Parece que a pop está sem rei. Já estava sem rock. Pelo que ,doravante, depreende-se, está sem rei nem rock. Se, por algum louvável capricho da Ceifeira, também esticasse o pernil a Coisa Madonna, seria o verdadeiro três em um: ficava a bosta levedante sem rei, nem rock, nem rainha. Melhor que isso só uma chuva de meteoritos inteligentes: uma que acertasse selectivamente nos concertos de hip-hop e metal (duas formas particularmente ruidosas de excremento). Já agora, não sei se será sonhar muito, rezar mesmo a um grande meteoro genial, todo ele a zunir inspiração: que acertasse em cheio em Hollywood!...

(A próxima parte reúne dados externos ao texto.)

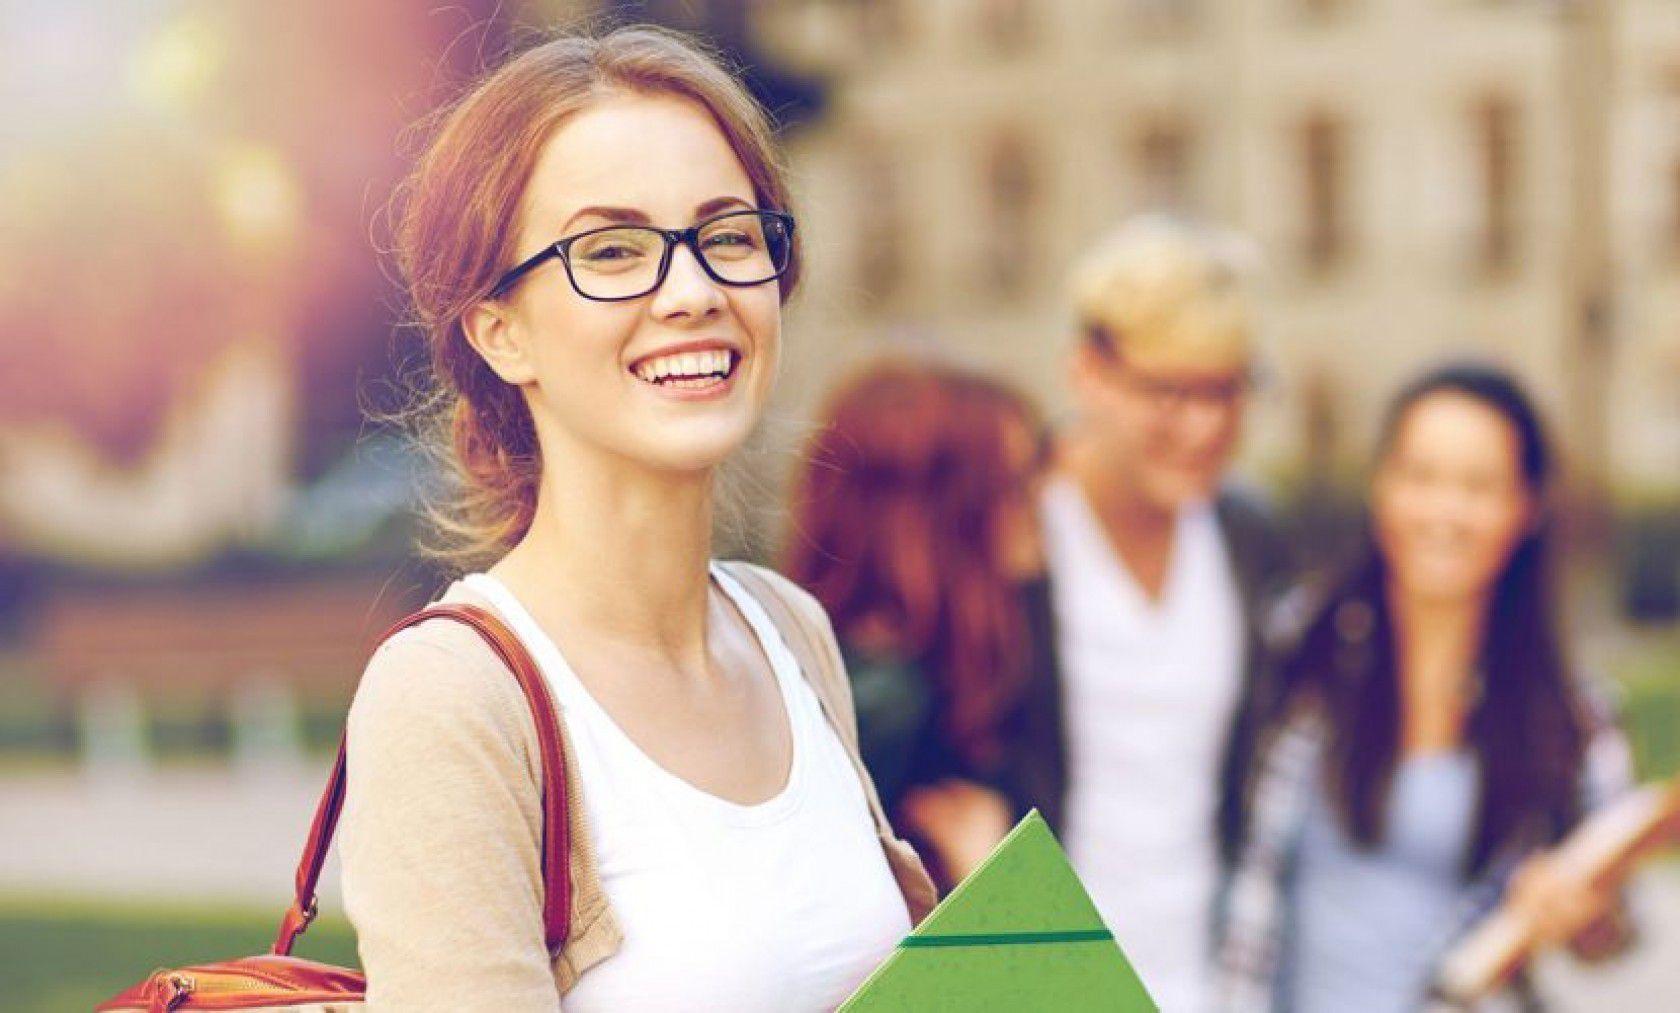 Yurtdışında Üniversite Okumaya Eğitimlerini Nasıl Verimli Hale Getirir?

Julgo que, com isto, fica esgotado o assunto, tanto quanto o presunto. Nota final: ao que li por aí, as dívidas da criatura ascenderiam a qualquer coisa como 4o0 milhões (e alguns papalvos interrogavam-se acerca do paradeiro da putativa fortuna da vedeta). Donde não será de excluir a hipótese dos credores, tipos que não fazem plásticas ao nariz mas bem precisavam, terem organizado o óbito como forma de promoção das vendas. Lá terão concluído: "O tipo já não aguenta cinco minutos em palco sem que lhe caia o nariz, o melhor mesmo é matá-lo. A publicidade fica de borla e as vendas sobem à estratosfera!"